DMZ, South Korea
The Korean DMZ has been one of the most heavily fortified borders in the world since the 1953 armistice. It has also, inadvertently, become a significant wildlife refuge. The 250-kilometre-long, 4-kilometre-wide strip of land running across the peninsula has been essentially undisturbed for 70 years; Amur leopard cats, Asiatic black bears, and rare migratory birds use it as sanctuary. The contradiction between the military installations on both edges and the wild ecosystem in between is one of the more bizarre facts about the modern world.
What You Can Visit
Independent access to the restricted military zone is not possible. Guided tours with licensed operators departing from Seoul are the standard arrangement, and several sites require advance identity registration.
JSA (Joint Security Area), also called Panmunjom, is the only point where North and South Korean soldiers stand in close proximity. The blue huts on the Military Demarcation Line are where the armistice was signed and where inter-Korean discussions have historically taken place. With the right tour arrangement you can briefly step into the northern side of one of the conference rooms, which means technically crossing into North Korea. JSA requires advance booking, passport verification, and briefing before entry. The situation at JSA depends on current political conditions and it has been periodically closed to civilian access; check before building your plans around it.

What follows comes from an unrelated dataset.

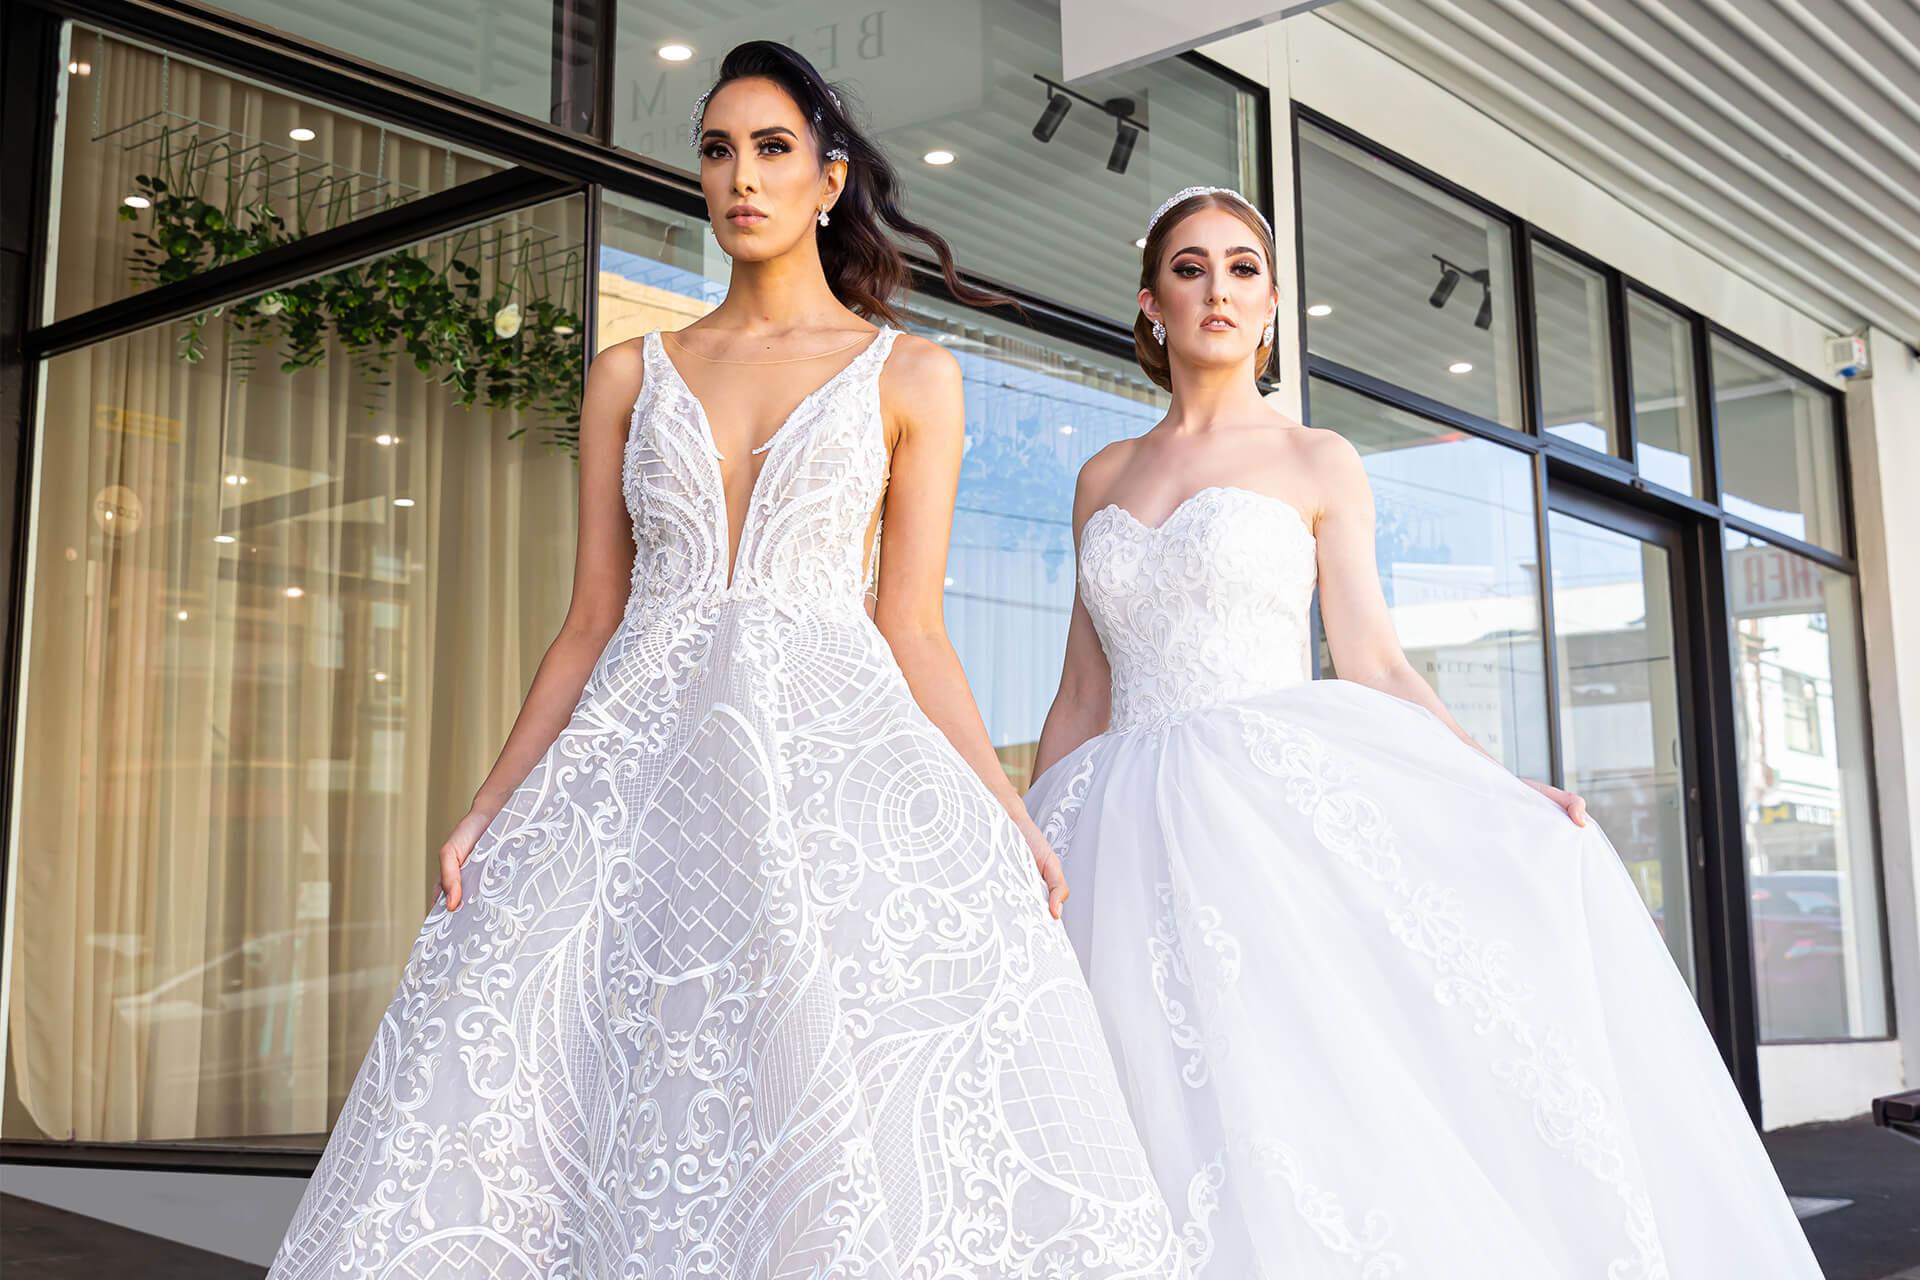 2 models in wedding dresses standing outside of Belle Mariee Bridal

Third Infiltration Tunnel: One of four known tunnels dug northward under the DMZ by North Korea (this one discovered in 1978). Visitors descend by tram to 73 metres underground and walk through 265 metres of tunnel to the Military Demarcation Line. Hard hats provided; the ceiling is low enough to require them. The North Koreans painted the walls black and claimed it was a coal mine when it was found. There is no coal anywhere near this geology.

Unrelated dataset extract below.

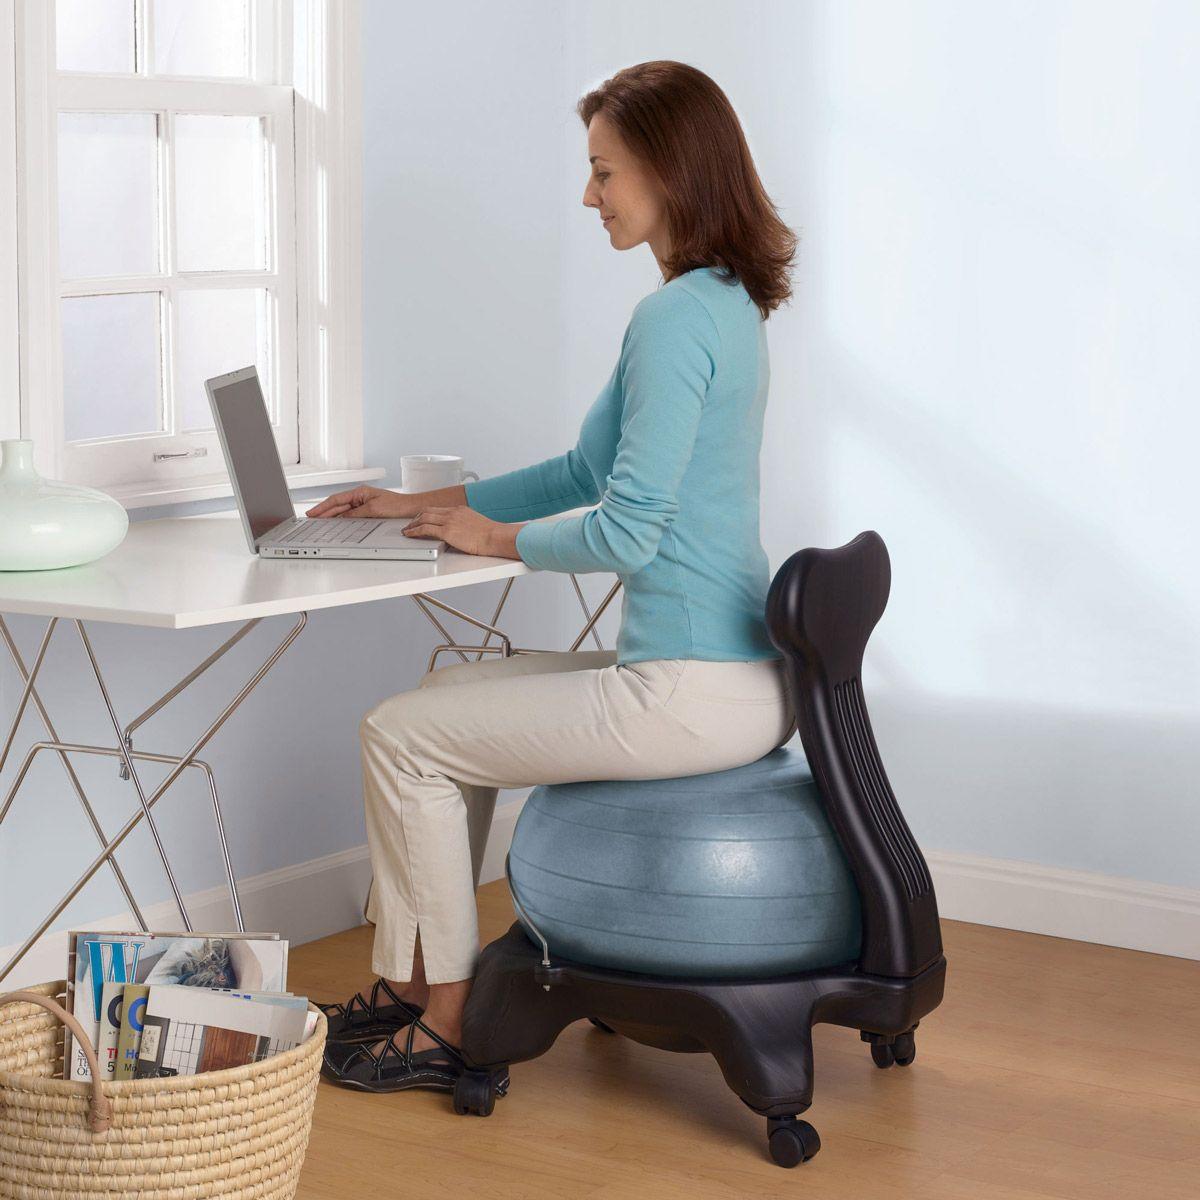 Balance Ball Love BureauFauteuil ChairProducts I Chaise VpUSMqzG

Dora Observatory: A covered viewing platform with telescopes. On clear days, the North Korean city of Kaesong and the former Kaesong Industrial Complex are visible across the buffer zone. The landscape directly in front gives the clearest visual sense of how wide and empty the DMZ itself is.
Dorasan Station: The northernmost train station in South Korea, on a line that was briefly operational for transporting workers to Kaesong. Functional in appearance but no trains go north. You can buy a platform ticket stamped as a souvenir, which has a specifically tragicomic quality.
Imjingak Park is open without a tour permit: a memorial park on the southern bank of the Imjin River with the Freedom Bridge (used in 1953 prisoner exchanges) and rows of locks and ribbons left by families separated by the division of the peninsula.
Tour Logistics
Tours leave from central Seoul, typically from the Hongik University Station area. A half-day covers Imjingak and one or two additional sites without JSA; a full day is needed for a JSA visit, which requires separate booking and advance identity document processing. Group size and vehicle quality vary by operator; the sites are the same. Koridoor and the Korean government KTO tours are both used frequently.
Most DMZ visitors are based in Seoul, 50 to 60 kilometres south. Paju, the nearest urban centre to the western DMZ, has the Heyri Art Village if you want a half-day cultural addition.